The film starts off almost like a rom-com about two utterly mismatched people on a meet-up (Queen is an uptight defence attorney and atheist; Slim is fairly outgoing, works behind a cash register, and prays before every meal), and it serves to make the pair all the more sympathetic before their lives take a sharp turn in an unexpected direction. Queen & Slim was scripted by Lena Waithe, from an original screen story that she wrote, and she brings a sense of every day situational humour to the project. It's fitting too, as Queen & Slim is as much a story about relationships and love and the things worth living for in a terrible world, as it is an on-the-run thriller. By embracing the cringe comedy inherent to the idea of two individuals who barely know each other becoming fugitives together, the film succeeds in grounding Queen and Slim's struggles in a way that a more po-faced approach wouldn't have been able to. But of course, Queen & Slim is serious and sincere when it comes to dealing with police brutality and the pain and suffering it inflicts on black America. It's a film that reclaims the narrative by allowing black artists to tackle these issues from both sides of the camera, via a story that explores how the idea of Queen & Slim the couple ("The black Bonnie & Clyde", as Earl refers to them) means something very different to different people, depending on their age and race. And as clever and often subversive as the writing is, it's the performances that really brings out the humanity in the film's characters and makes them feel alive. Kaluuya once again does powerful work here as Slim (with a turn that's more about his internal emotions, rather than external), yet it's Turner-Smith - a relative newcomer - who breaks out as Queen. It's satisfying to watch as she slowly lowers her emotional defences and opens up to Slim over the course of their journey, even finding her own sense of spirituality along the way.

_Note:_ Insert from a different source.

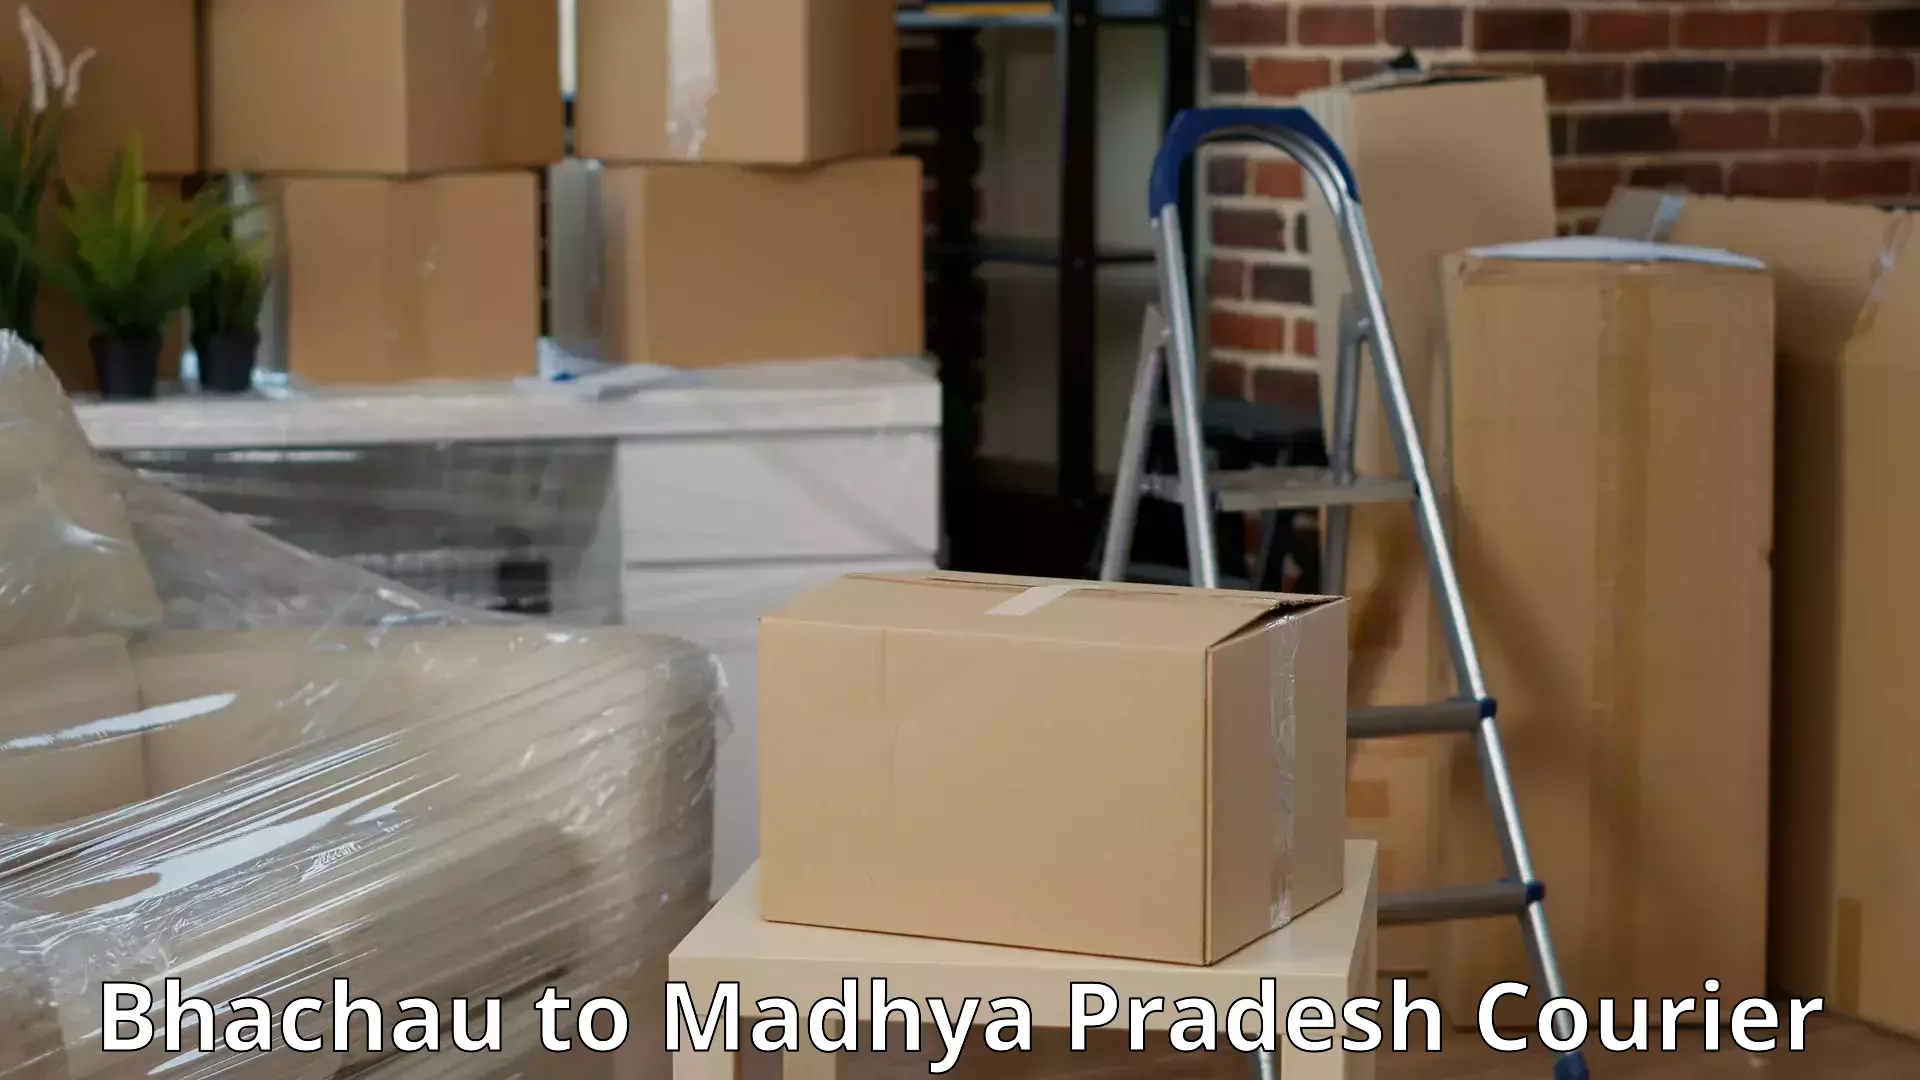 Home relocation experts Bhachau to Indore

Stylistically, Queen & Slim is firmly rooted in black culture, from its soundtrack and settings to the multi-coloured sex worker and pimp outfits that Earl (who's played wonderfully by Woodbine) keeps his home stocked with. Tat Radcliffe's cinematography similarly draws on a richly-hued and often poetic vision of rural America today - one where traumatising reminders of the past still linger for many black Americans (as in a potent scene where Queen spots convicts plowing a field like slaves on a plantation). Queen & Slim is a very assured and confident feature debut for this filmmaker.